À noter que les congés qui sont demandés mais ne peuvent pas être pris avant la fin de l’année 2020 en raison des besoins du service pourront être reportés jusqu’au 31 mars de l’année suivante13 (i.e.: 31 mars 2021). Toutefois, si l’employeur invite le salarié à prendre ses congés avant la fin de l’année, mais que celui-ci ne les prend pas, alors lesdits congés seront perdus au 31 décembre 2020.
4. Un salarié peut-il, en raison du contexte actuel, annuler ses congés?
L’employeur n’a aucune obligation légale d’accorder l’annulation des congés posés par le salarié suite à sa demande. Pour rappel, sauf accord d’entreprise ou usage contraire, le congé ne peut en principe être annulé que d’un commun accord des parties. Ainsi, dans le contexte actuel, l’employeur serait parfaitement en droit d’imposer aux salariés de prendre les congés qu’ils avaient d’ores et déjà fixés. Cela pourrait cependant créer une inégalité avec les salariés qui n’avaient pas pris la peine de poser leurs congés longtemps à l’avance, et qui, eux, conservent leur droit au congé. Il pourrait être pertinent de mettre en place un calendrier global de prise de congé.
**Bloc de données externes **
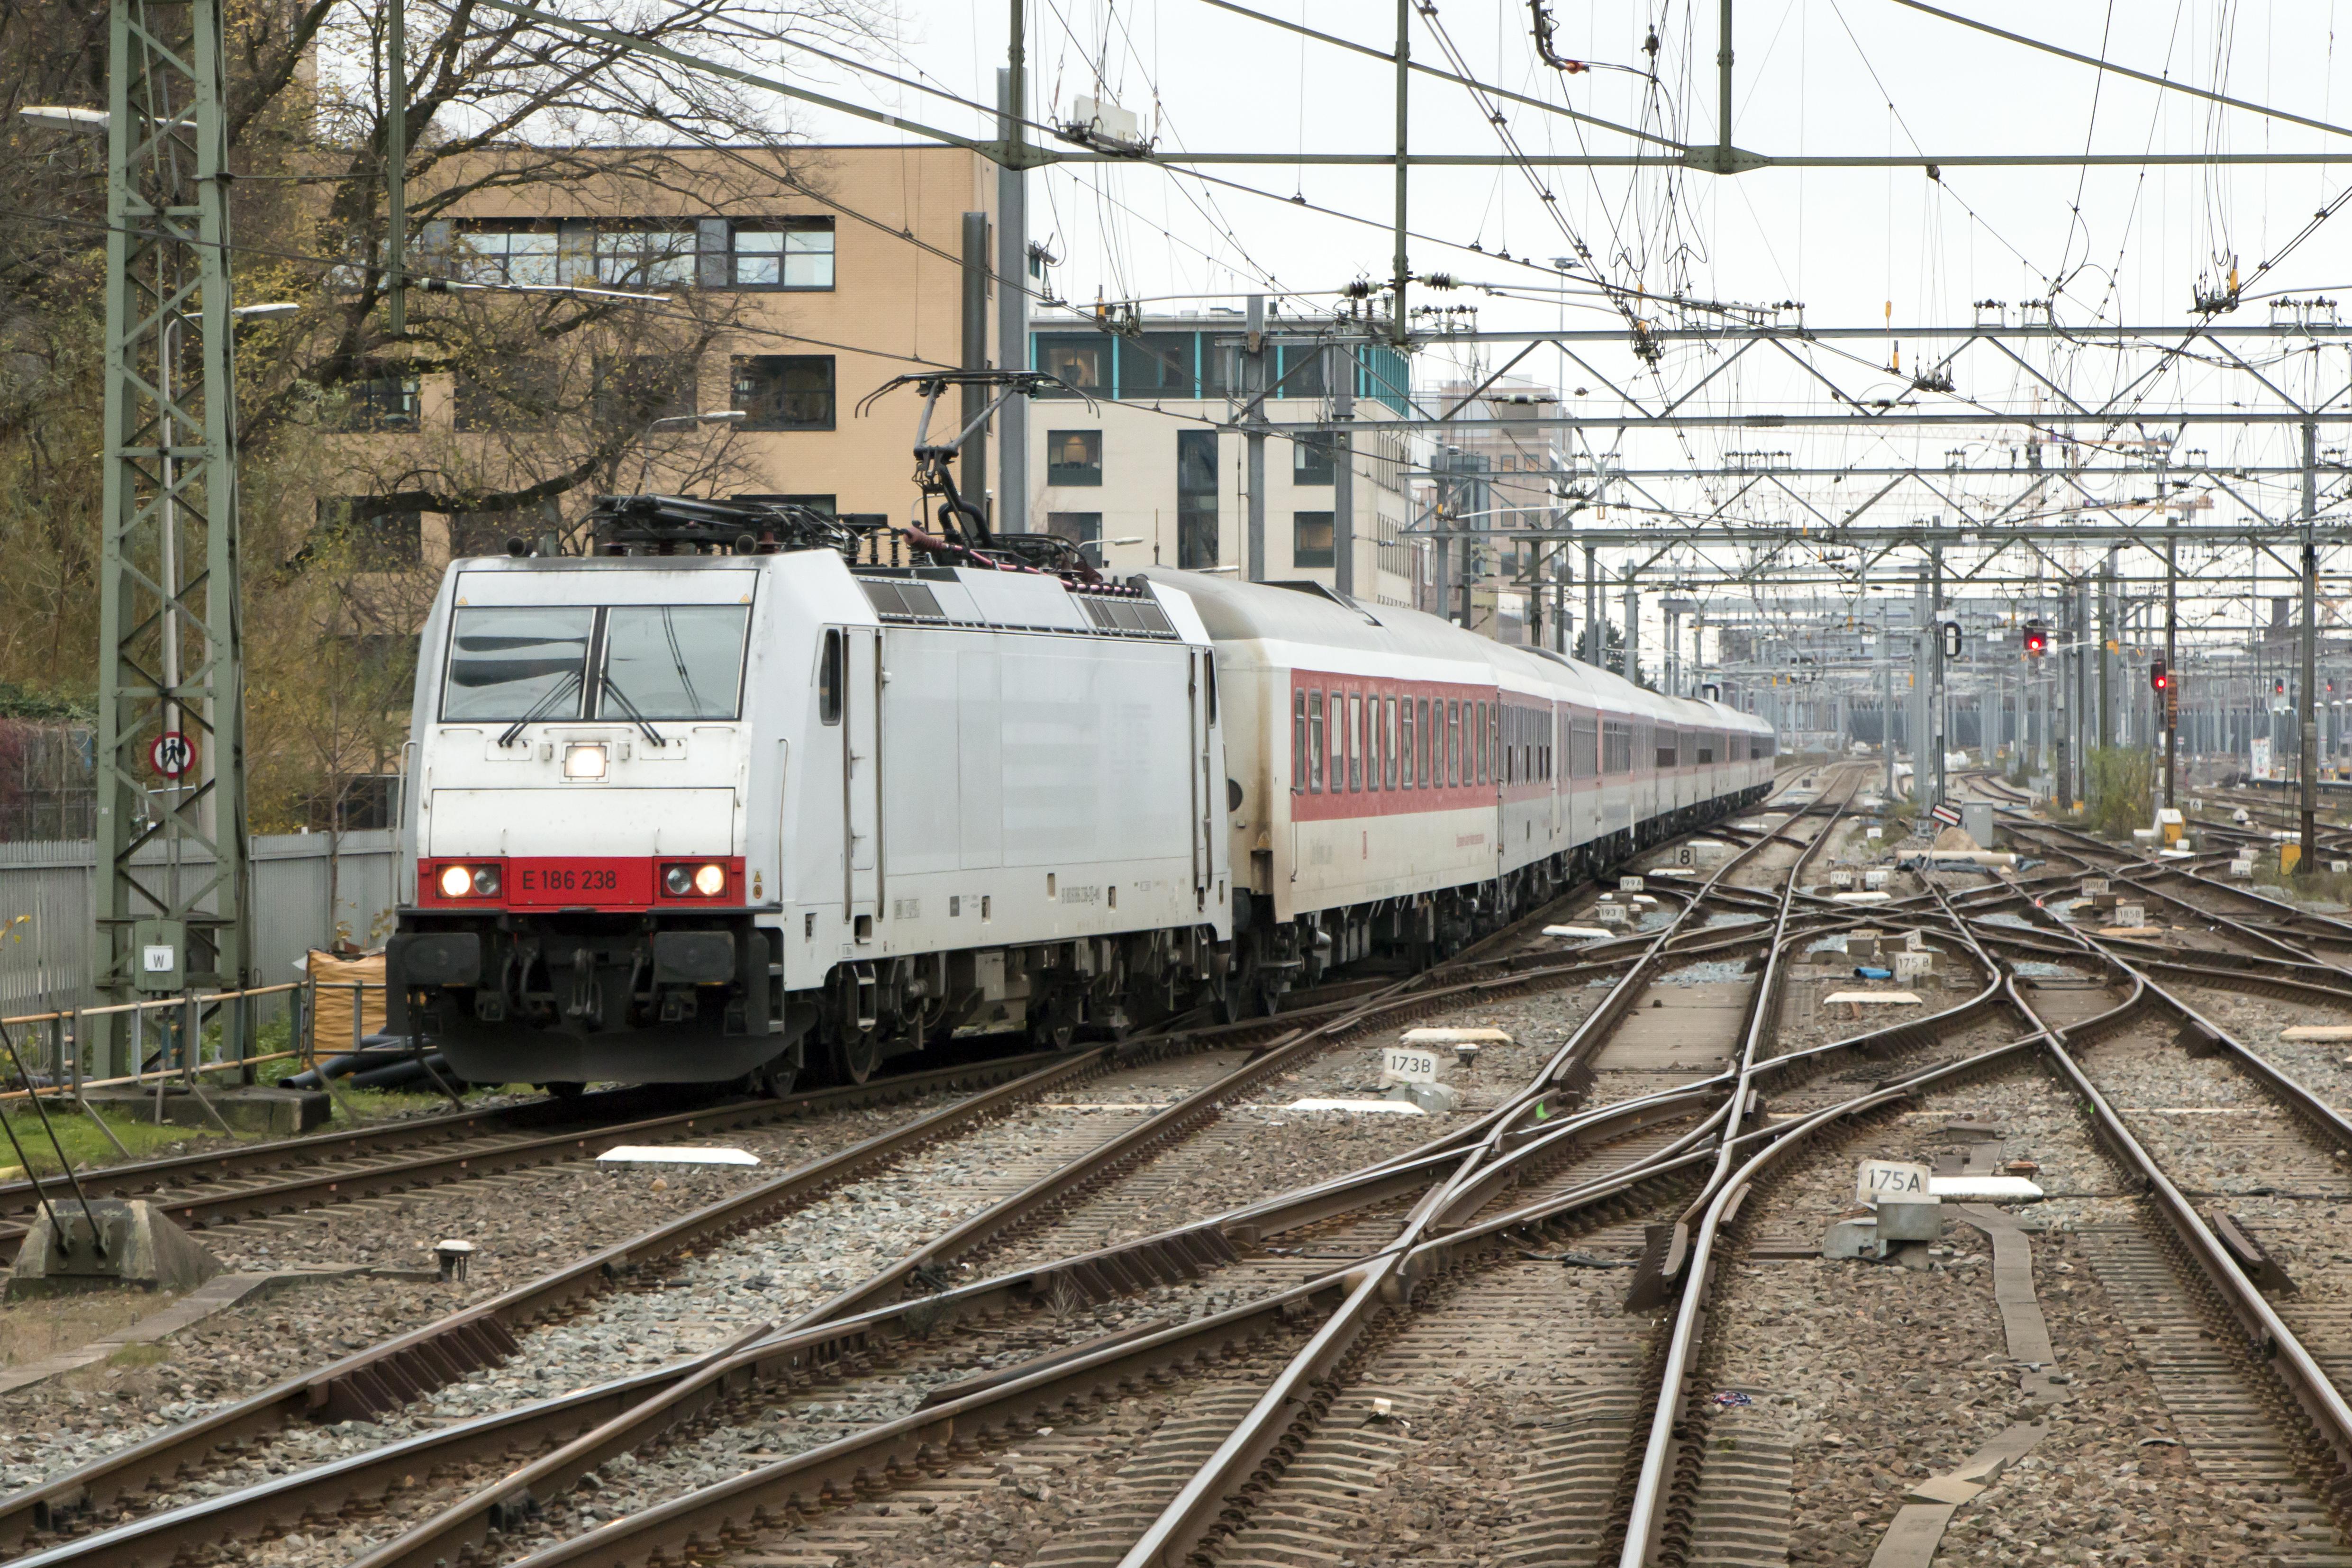 Laatste Nachttrein Uit Nederland Op 9 December Noord West Express

1Cour d’appel, 25 octobre 2018, n°44386 du rôle.
2Règlement grand-ducal du 3 avril 2020 modifiant le règlement grand-ducal modifié du 18 mars 2020 portant introduction d’une série de mesures dans le cadre de la lutte contre le COVID-19 publié au .
3Sont notamment visés: les hôpitaux, les laboratoires, le secteur de l’alimentation, les services publics nécessaires au bon fonctionnement de l’État, etc.
4Règlement grand-ducal du 18 mars 2020 tel que modifié portant introduction d’une série de mesures dans le cadre de la lutte contre le COVID-19 publié au .
5Les articles L. 233-6 et L. 233-10 du Code du travail prévoient déjà les situations de possible refus de congé par l’employeur. Il serait possible d’en déduire que le Règlement grand-ducal établit indirectement un nouveau cas de refus, i.e., la situation liée à l’état de crise, pour les activités essentielles.
6À noter que, dans le cadre d’une décision isolée du 9 mars 2006, n°29882 du rôle, la Cour d’appel a jugé que l’employeur pouvait imposer un congé pour un motif non arbitraire. En l’espèce, l’employeur avait procédé à des travaux de rénovation durant une période de 15 jours.
7CJUE, 6 novembre 2018, Aff. C-684/16.
8Cf. article L. 511-2 du Code du travail.
9Il est par ex. indiqué dans la Foire Aux Questions de l’ADEM relatives aux demandes de chômage partiel () que le salarié doit avoir épuisé les congés des années antérieures à 2020 avant de bénéficier du chômage partiel.
10Compte épargne temps.
11Article L. 233-10 alinéa 3 du Code du travail.
12Article L. 233-10 alinéa 1 du Code du travail.
13 Article L. 233-10 al. 1er du Code du travail.